Time: O(NLogN), where N is the length of A
Space: O(N)
"""
def oddEvenJumps(self, A):
"""
:type A: List[int]
:rtype: int
"""
N = len(A)
def make(B):
ans = [None] * N
stack = [] # invariant: stack is decreasing
for i in B:
while stack and i > stack[-1]:
ans[stack.pop()] = i
stack.append(i)
return ans
B = sorted(range(N), key = lambda i: A[i])
oddnext = make(B)
B.sort(key = lambda i: -A[i])
evennext = make(B)
odd = [False] * N
even = [False] * N
odd[N-1] = even[N-1] = True
for i in range(N-2, -1, -1):
if oddnext[i] is not None:
odd[i] = even[oddnext[i]]
if evennext[i] is not None:
even[i] = odd[evennext[i]]
return sum(odd)
[4]:
s = Solution1()
A = [10,13,12,14,15]
assert s.oddEvenJumps(A) == 2
A = [2,3,1,1,4]
assert s.oddEvenJumps(A) == 3
A = [5,1,3,4,2]
assert s.oddEvenJumps(A) == 3
2. Monotonic Stack [O(NLogN), O(N)]¶
[5]:
class Solution1(object):
"""
Time: O(NLogN)
Space: O(N)
"""
def oddEvenJumps(self, A):
"""
:type A: List[int]
:rtype: int
"""
def findNext(idx):
result = [None]*len(idx)
stack = []
for i in idx:
while stack and stack[-1] < i:
result[stack.pop()] = i
stack.append(i)
return result
idx = sorted(range(len(A)), key = lambda i: A[i])

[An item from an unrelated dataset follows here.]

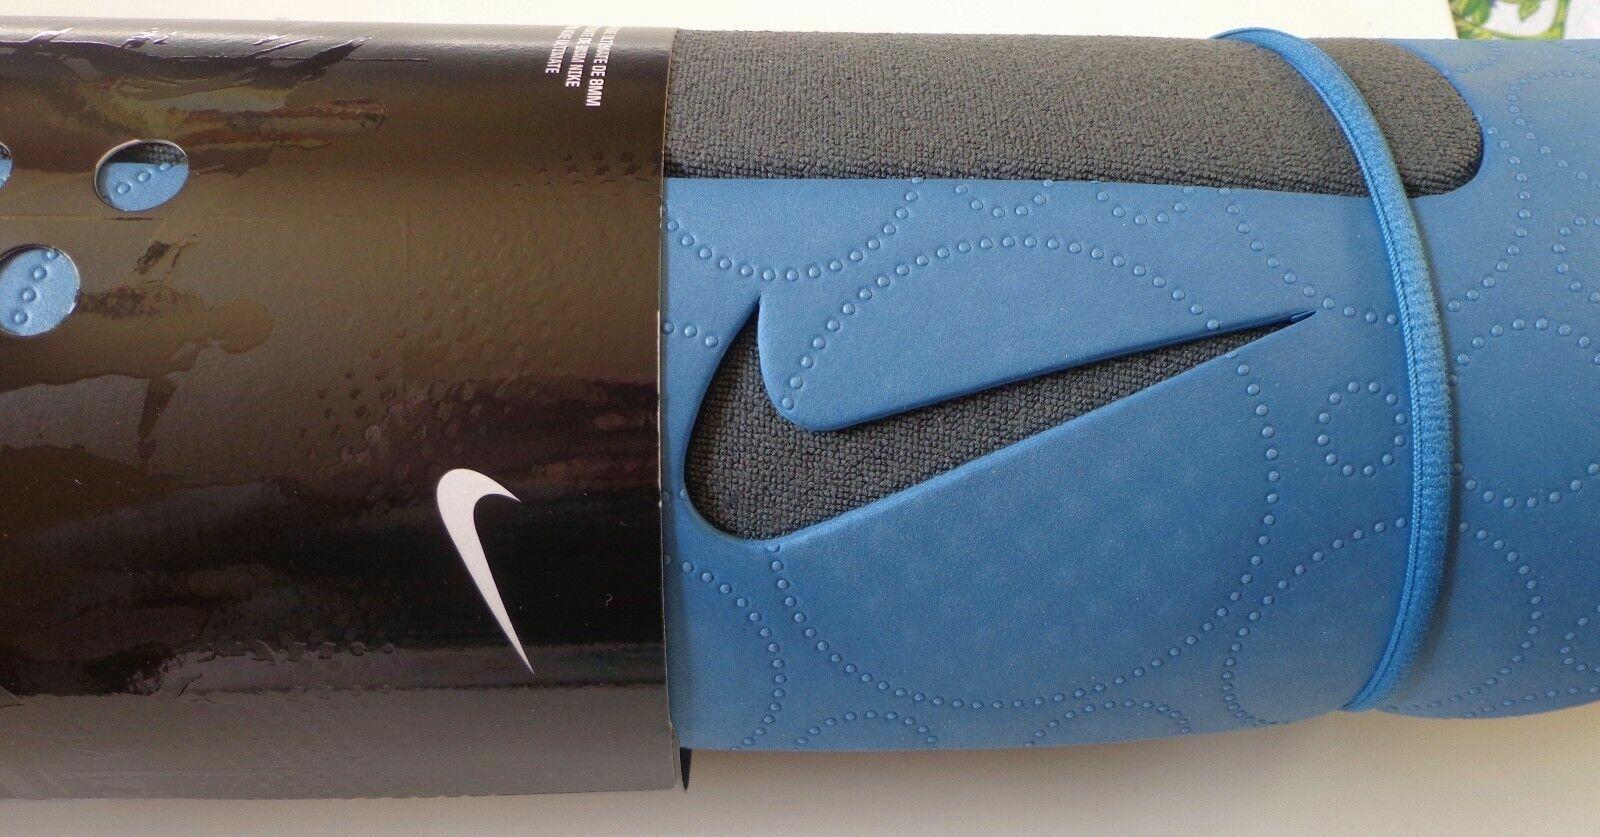 Nike Ultimate Yoga Pilates Mat 8mm Color Shade Blue Anthracite For Sale Online Ebay

next_higher = findNext(idx)
idx.sort(key = lambda i: -A[i])
next_lower = findNext(idx)
odd, even = [False]*len(A), [False]*len(A)
odd[-1], even[-1] = True, True
for i in reversed(range(len(A)-1)):
if next_higher[i]:
odd[i] = even[next_higher[i]]
if next_lower[i]:
even[i] = odd[next_lower[i]]
return sum(odd)
[6]:
s = Solution1()
A = [10,13,12,14,15]
assert s.oddEvenJumps(A) == 2
A = [2,3,1,1,4]
assert s.oddEvenJumps(A) == 3
A = [5,1,3,4,2]
assert s.oddEvenJumps(A) == 3
3. Tree Map¶
Intuition
As in Approach 1, the problem reduces to solving this question: for some index i during an odd numbered jump, what index do we jump to (if any)?
Algorithm
We can use a TreeMap, which is an excellent structure for maintaining sorted data. Our map vals will map values v = A[i] to indices i.
Iterating from i = N-2 to i = 0, we have some value v = A[i] and we want to know what the next largest or next smallest value is. The TreeMap.lowerKey and TreeMap.higherKey functions do this for us.
With this in mind, the rest of the solution is straightforward: we use dynamic programming to maintain odd[i] and even[i]: whether the state of being at index i on an odd or even numbered jump is possible to reach.